Department of Chemistry and Biochemistry, University of Notre Dame, Notre Dame, Indiana 46556, United States.
Curr Med Chem. 2021;28(20):3892-3912. doi: 10.2174/0929867327666200810135039.
SUMOylation has emerged as an important post-translational modification that involves the covalent attachment of the Small Ubiquitin-like Modifier (SUMO) polypeptide to a lysine residue of a target protein. The enzymatic pathway of SUMOylation is very similar to ubiquitinylation and involves an activating enzyme, a conjugating enzyme, ligases, and deconjugating enzymes. SUMOylation modulates the function of a number of proteins associated with various pathways, and in fact, dysregulation of the SUMOylation pathway is observed in both cancer and neurological diseases. In many cancers, the SUMO enzymes are upregulated, and SUMO levels correlate directly with prognosis and disease progression. As a result, there has been an emphasis on the discovery and development of inhibitors of SUMOylation. In this review, the latest advances in SUMOylation inhibitors are described alongside the methods used to discover small molecule SUMOylation inhibitors, which include natural products, peptidomimetics, as well as synthetic derivatives identified via virtual screens.

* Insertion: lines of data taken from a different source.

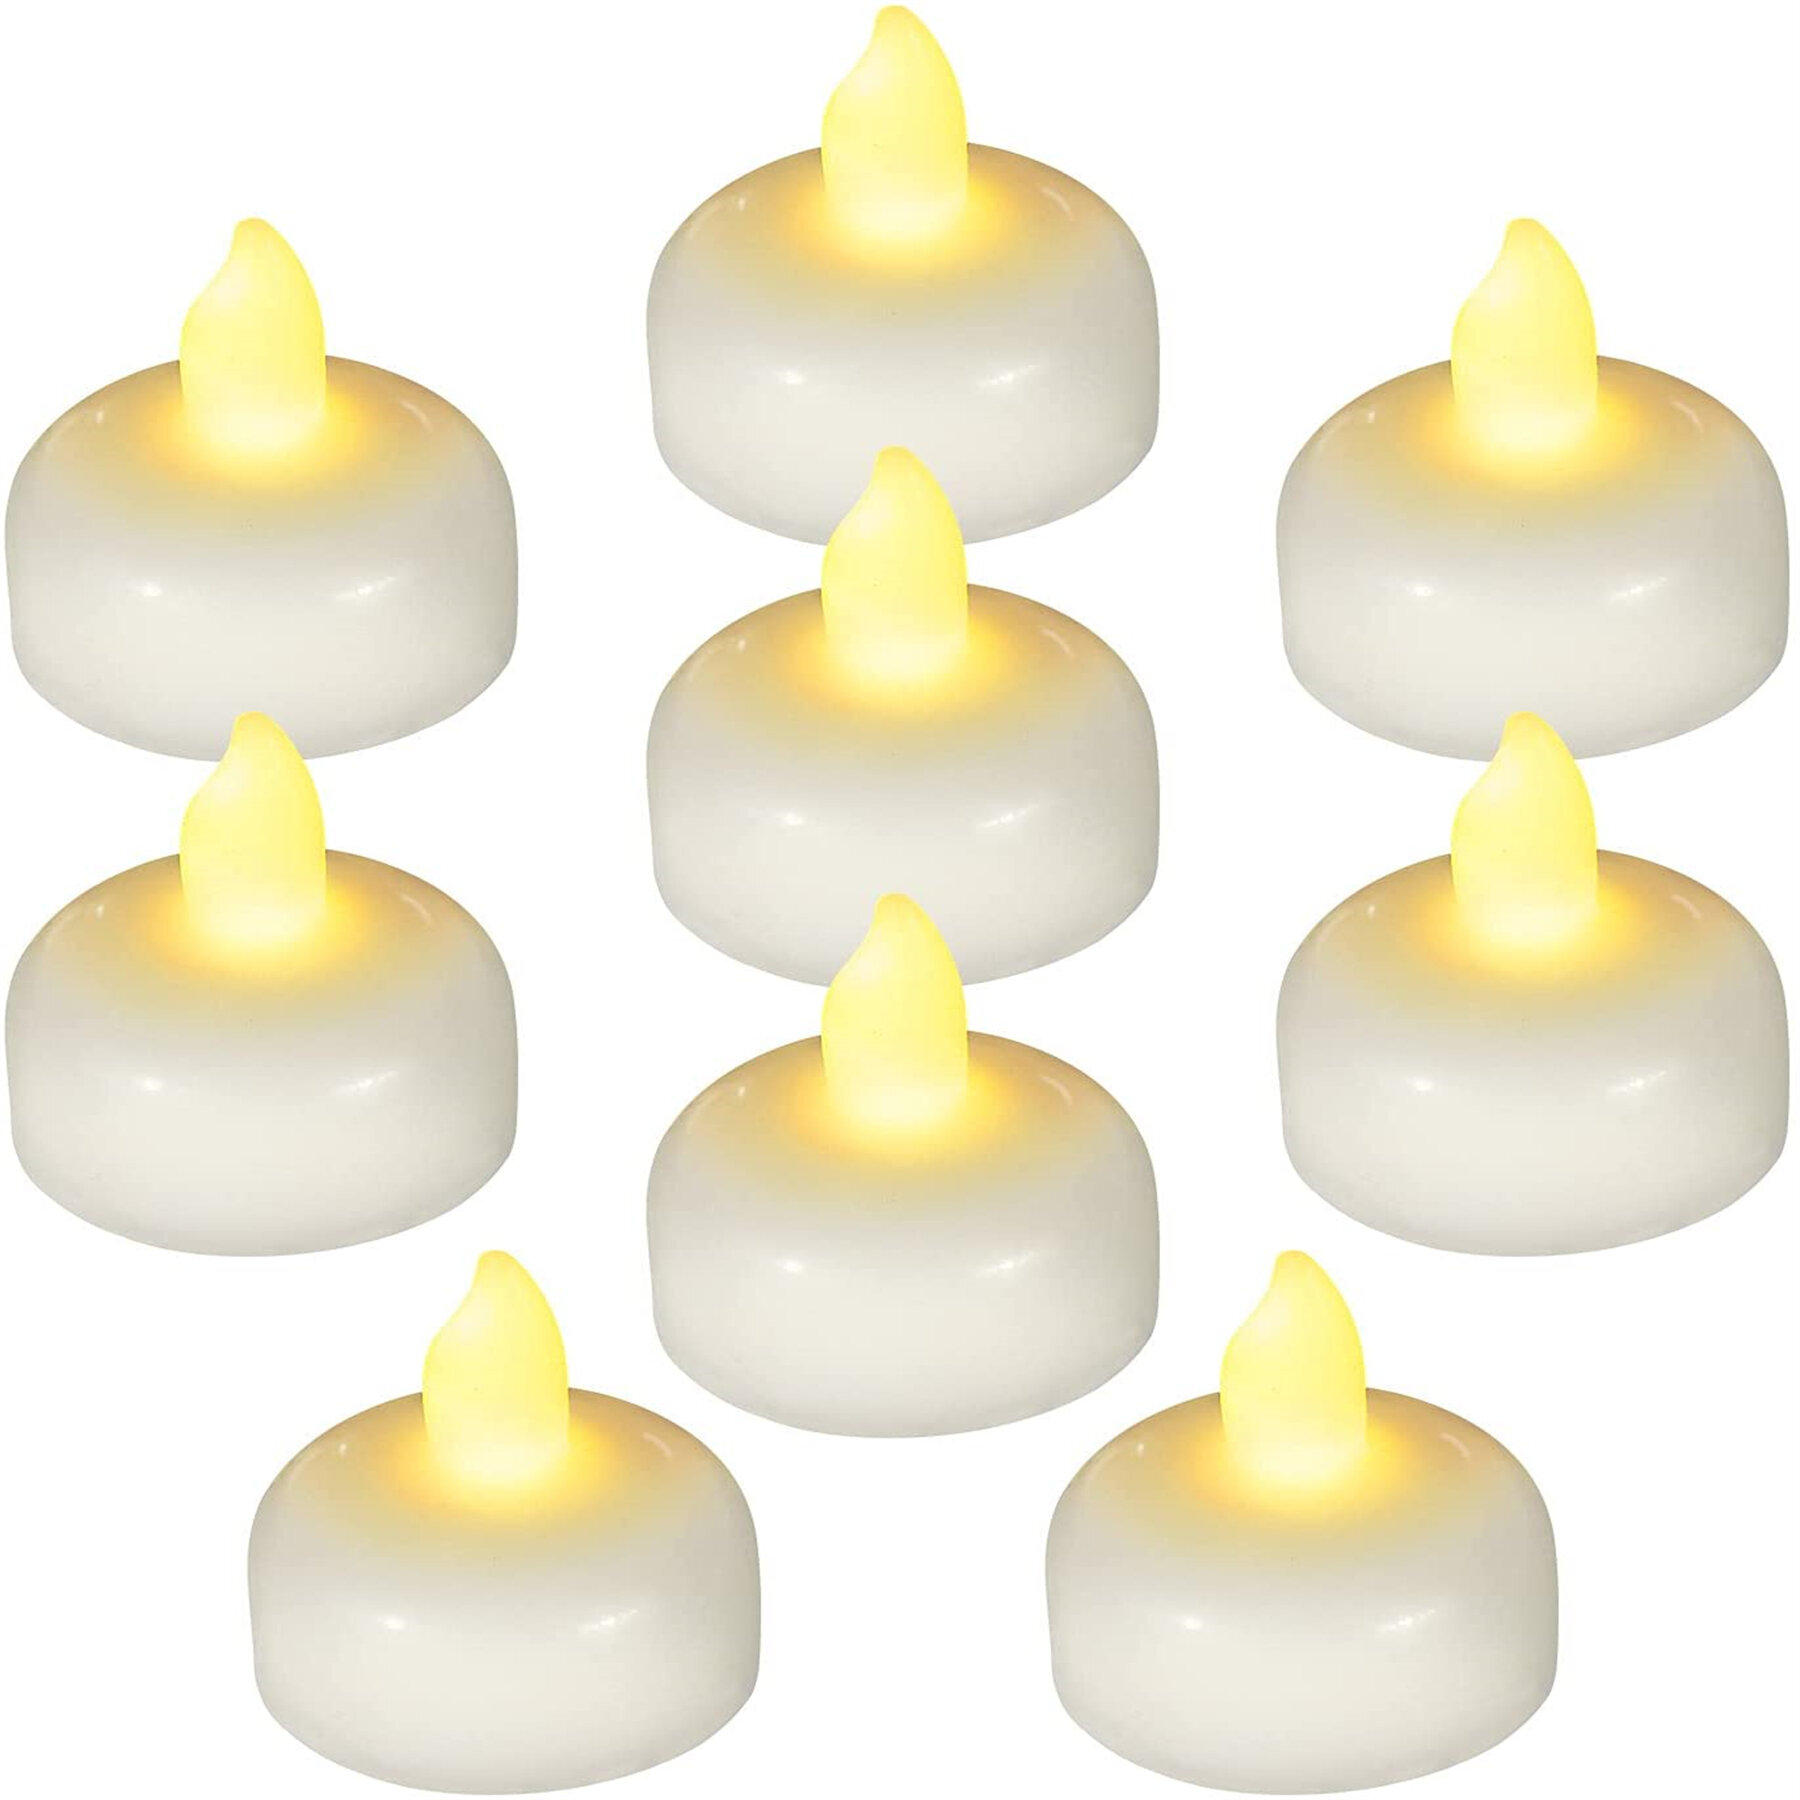 Details about   12pcs LED Tea Lights Candles Flameless Tealights Unscented Candle #ur 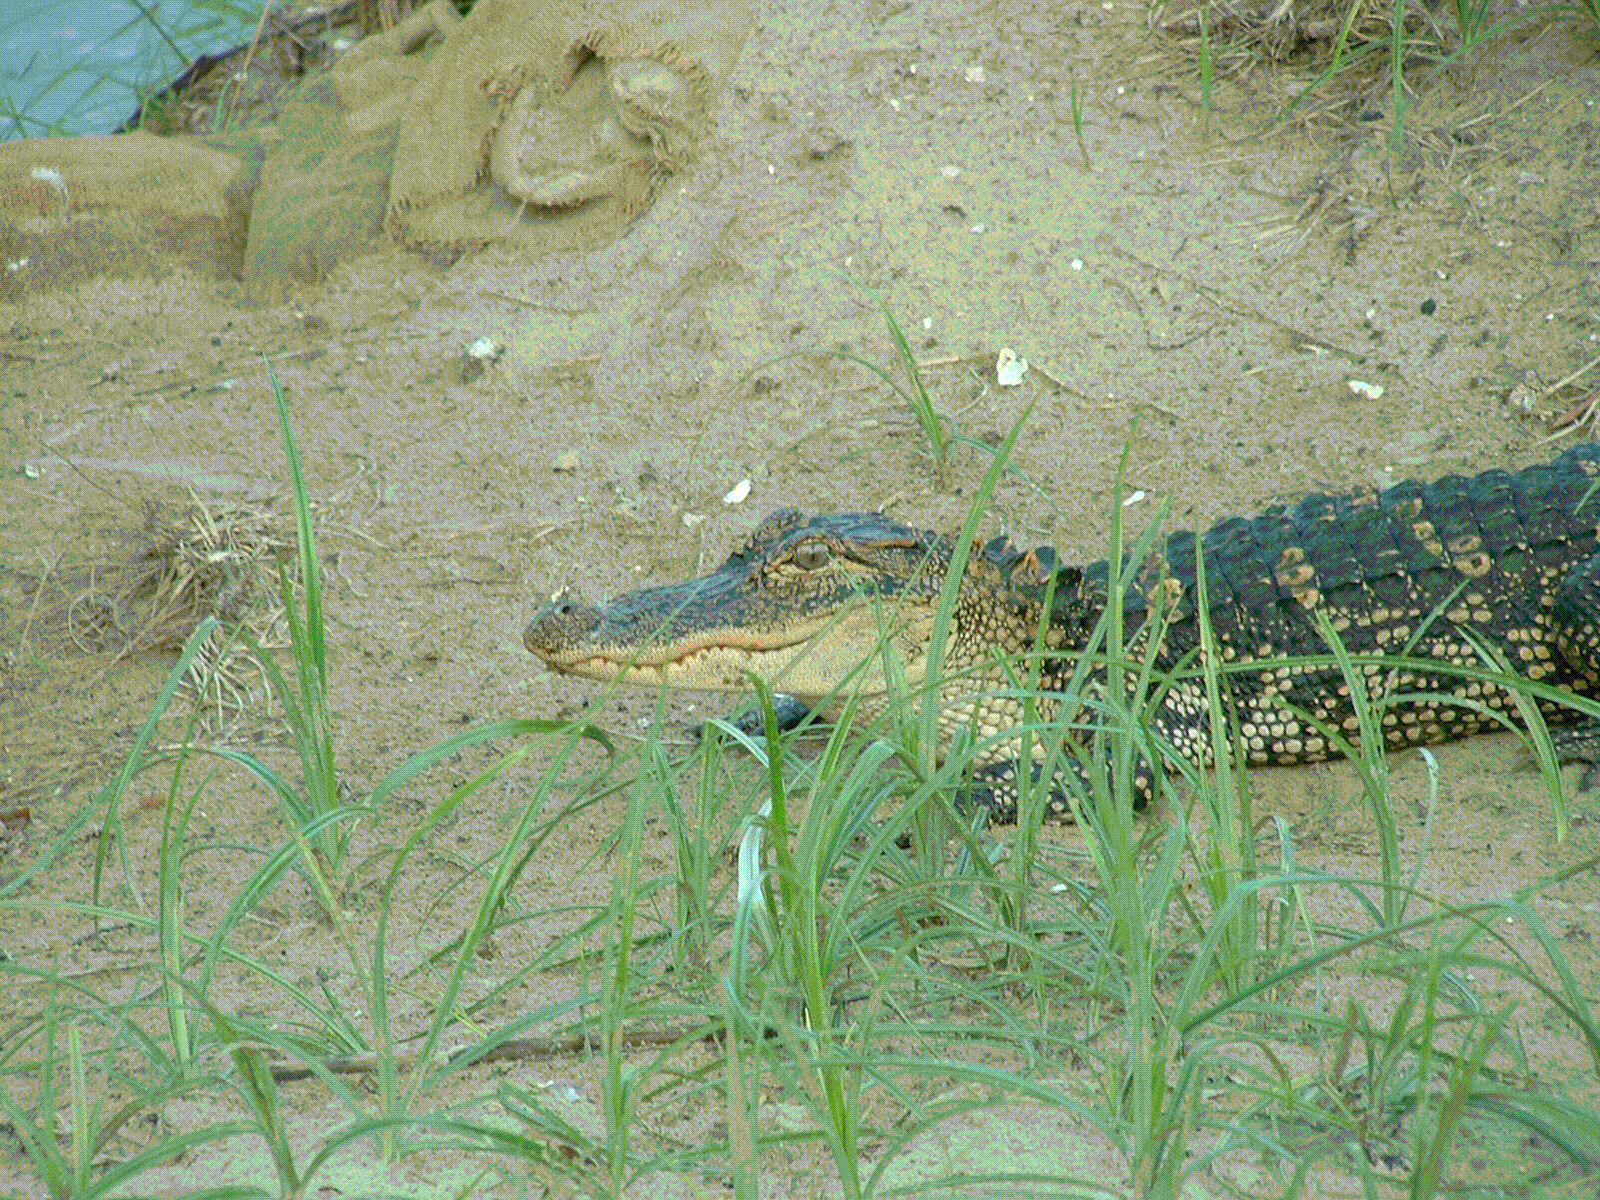 Young gator seen in Cuddo, 2004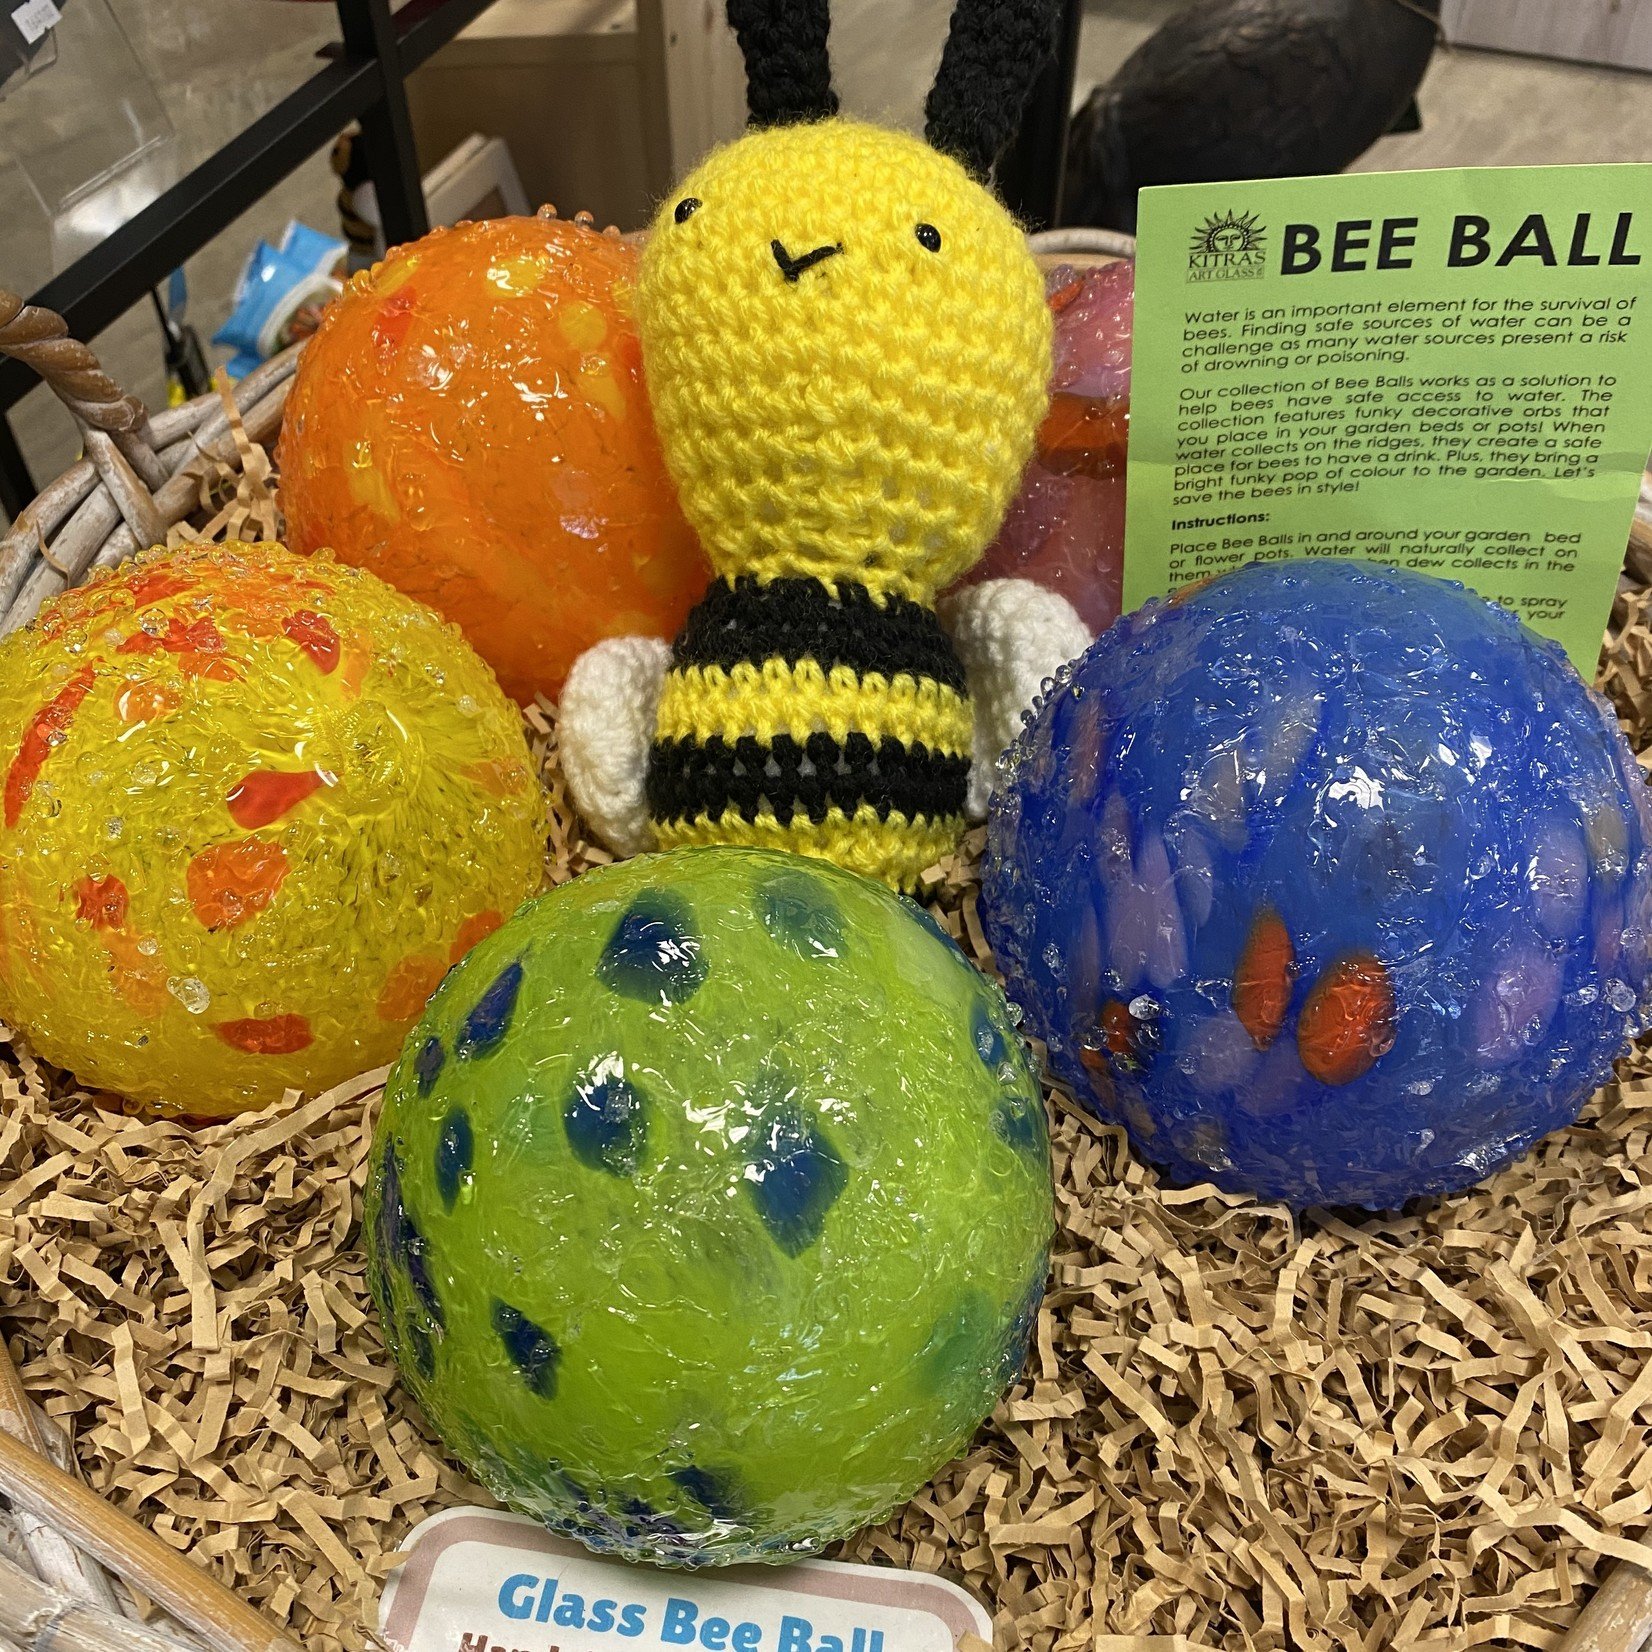 Glass Bee Ball

SUMOylation 已成为一种重要的翻译后修饰方式,涉及将小泛素样修饰物(SUMO)多肽共价连接到靶蛋白的赖氨酸残基上。SUMOylation 的酶促途径与泛素化非常相似,涉及激活酶、连接酶、连接酶和去连接酶。SUMOylation 调节与各种途径相关的许多蛋白质的功能,实际上,SUMOylation 途径的失调在癌症和神经疾病中都观察到。在许多癌症中,SUMO 酶上调,SUMO 水平与预后和疾病进展直接相关。因此,人们一直强调发现和开发 SUMOylation 抑制剂。在这篇综述中,描述了 SUMOylation 抑制剂的最新进展,以及发现小分子 SUMOylation 抑制剂的方法,包括天然产物、肽模拟物以及通过虚拟筛选鉴定的合成衍生物。